The Supreme Court enumerated six factors that courts may consider in fixing the time limits of the transitional period. Are these six factors exclusive of all others?
During the transitional period fixed by a court as reasonable under all the circumstances, to what extent, if any, may race be considered? Does the extent to which race may be considered during a transition period approved by a court depend at all upon the type of desegregation plan adopted? For example, is the extent to which race may be considered the same in a grade-a-year plan based on rezoning and in a grade-a-year plan using individual pupil placement?
It has been said that the Alabama Pupil Placement law (although not the individual criteria) was approved by the Supreme Court in the Shuttlesworth case as not unconstitutional in toto. What action on the part of a school board is required to implement such a law? May the board continue to assign all pupils on a racial basis and merely consider individual requests for transfer to another school?
If initial assignments by race subject only to the right to transfer are not constitutionally acceptable, how can a gradual implementation of a pupil placement plan be achieved? Application of the law each year to all new pupils (kindergarteners or first graders, new residents, graduates from elementary school or junior high) is one possibility. A gradea-year is another. Do either or both meet the requirements of deliberate speed? If such a transition period is approved, to what extent, if
any, may race be a basis of pupil assignment during the transition?
In following chapters answers to these questions as they now appear will be discussed. In chapter 3, those that arise in the desegregation of a school system will be analyzed in the light of Supreme Court pronouncements and lower court decisions. These are, of course, suits brought in Southern States seeking desegregation or challenging the method of carrying it out. Questions relating to indirect State support of private segregated schools and the closing of public schools will be covered in chapter 6. Some of the questions posed are more applicable at the present time in the North and the West than in the South. These will be taken up in chapter 7.
3. The Law of Desegregation
Paraphrasing the Supreme Court's rules governing school desegregation is much simpler than applying them. Seven years of litigation has not brought uniformity among lower court decisions as to what does, and what does not, satisfy constitutional requirements. Part of the difficulty may arise from the fact that some lower courts have not recognized that each desegregation plan raises three interrelated questions. First, does it provide for a prompt and reasonable start in good faith toward full compliance? Second, if carried out completely will it result in a racially nondiscriminatory operation of the school system? Third, does the time schedule for complete execution of the plan meet the test of all deliberate speed? Only affirmative answers to all three questions appear to meet the rules laid down by the Supreme Court. This chapter sets forth the answers to these questions found in lower court decisions. They will be analyzed in the light of the pronouncements of the Supreme Court in an attempt to delineate the law of desegregation.

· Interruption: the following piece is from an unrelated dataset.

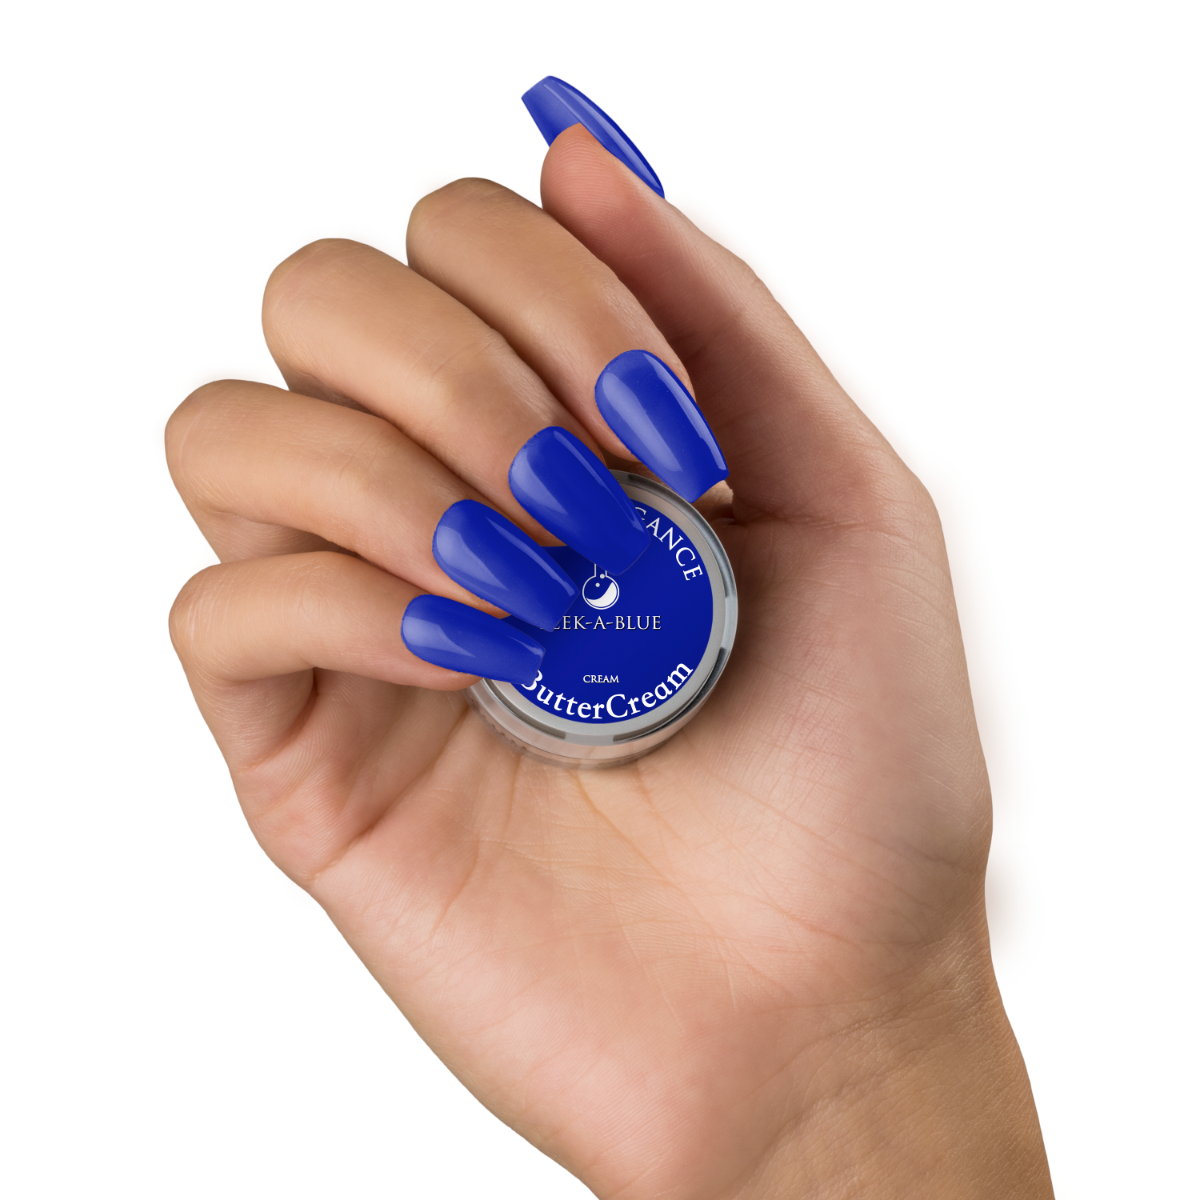 Light Elegance ButterCreams LED/UV - Peek-A-Blue :: New Packaging - Creata Beauty - Professional Beauty Products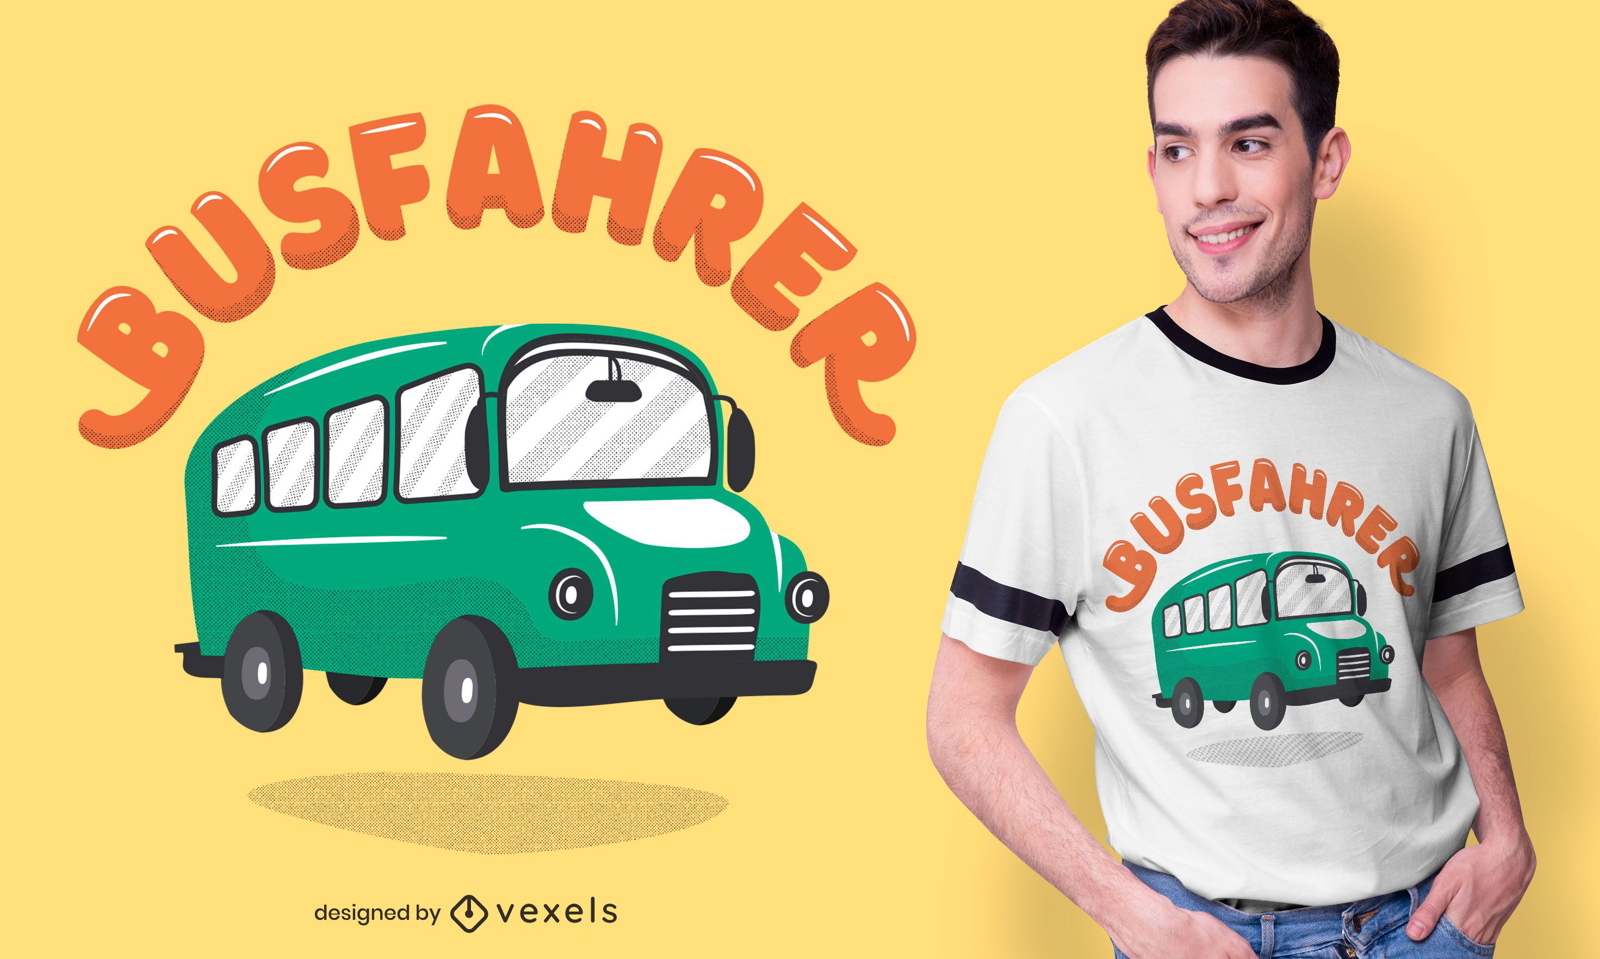 Busfahrer Deutsches T-Shirt Design

PROMPT AND REASONABLE START
In the first years after the School Segregation Cases in 1954, lower courts took a tolerant view of what constituted "a prompt and reasonable start" toward good-faith compliance. The formation of a citizens' committee to study the problems of desegregation, or study and planning by a school board, was held to be such a start.1
Now it is clear that such gestures are not enough. In the Little Rock case, decided in the fall of 1958, the Supreme Court emphasized that State authorities, including local school boards, are “duty bound to devote every effort toward initiating desegregation and bringing about the elimination of racial discrimination in the public school system.”